Aussi, ce qui structure véritablement au 2e millénaire l’histoire des principales formations politiques africaines occidentales (Ghana, Kanem, Mali, Songhay, cités hawsa et touareg, etc.), et orientales (Zimbabwe, Oman, cités swahili), ce sont les relations de compétition et de coopération de ces différentes élites islamisées pour le contrôle régional des routes commerciales et des technologies de production, de destruction et de communication. Les élites africaines subsahariennes se retrouvent ainsi de fait positionnées à l’interface des réseaux khâridjites, chiites et sunnites dans le commerce de l’or en provenance du Bilal-al-Sudan, de Nubie ou du grand Zimbabwe. La thèse centrale de Pierre-Philippe Rey est que les « luttes et les alliances entre ces fractions de classe dominante » sont à l’origine durant ce demi-millénaire de l’historicité des sociétés africaines, et se configurent selon deux types de stratégies radicalement opposées.

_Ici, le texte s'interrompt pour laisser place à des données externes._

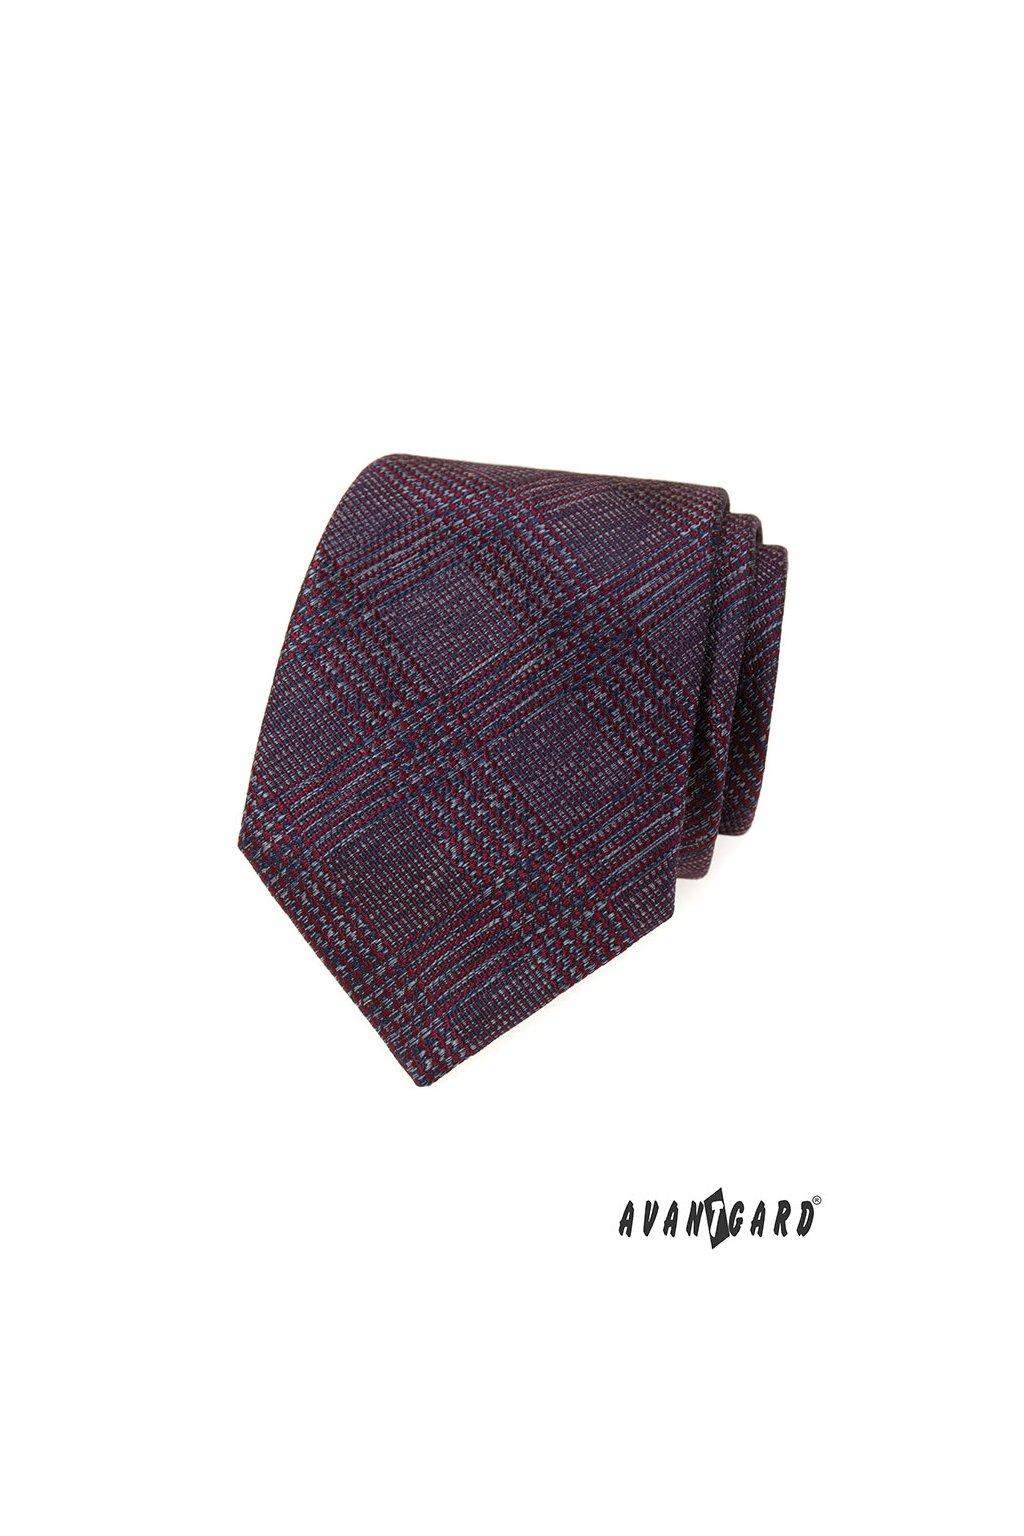 Bordó luxusní kravata vzorovaná 561 - 62311

La première est propre au fonctionnement des réseaux musulmans ibadites, et est relative à la constitution de « fractions de classe hégémoniques », qui privilégient l’accumulation de l’or (thésaurisé en vue de l’accomplissement des idéaux de la secte), la transformation du monde matériel et l’exploitation de ses ressources, grâce à l’encouragement du progrès technique et scientifique et l’utilisation à ces fins des « classes dominées » – principalement les populations réduites en esclavage – (l’équivalent de ce que Marx appelle la soumission réelle des procès de travail, avec à la clef une transformation des rapports sociaux et des forces productives). Inversement, la seconde est propre aux réseaux musulmans sunnites (mais aussi chiites), et est relative à la constitution de « fractions de classes régnantes », qui privilégient la centralisation du pouvoir politique et le contrôle des populations sous leur gouvernement en utilisant à ces fins le monde matériel, les technologies et les ressources disponibles (ce que Marx appelle la soumission formelle des procès de travail). Si les élites portées par les réseaux ibadites jouent ainsi un rôle historique majeur dans l’ouverture de nouvelles routes commerciales caravanières et maritimes dans le Sahara et l’océan Indien et la diffusion du progrès scientifique et technique, les élites intégrées aux réseaux sunnites et chiites jouent un rôle non moins crucial dans le processus régional d’étatisation et la construction des grands empires subsahariens, en diffusant notamment les idéologies centralisatrices originaires de Mésopotamie.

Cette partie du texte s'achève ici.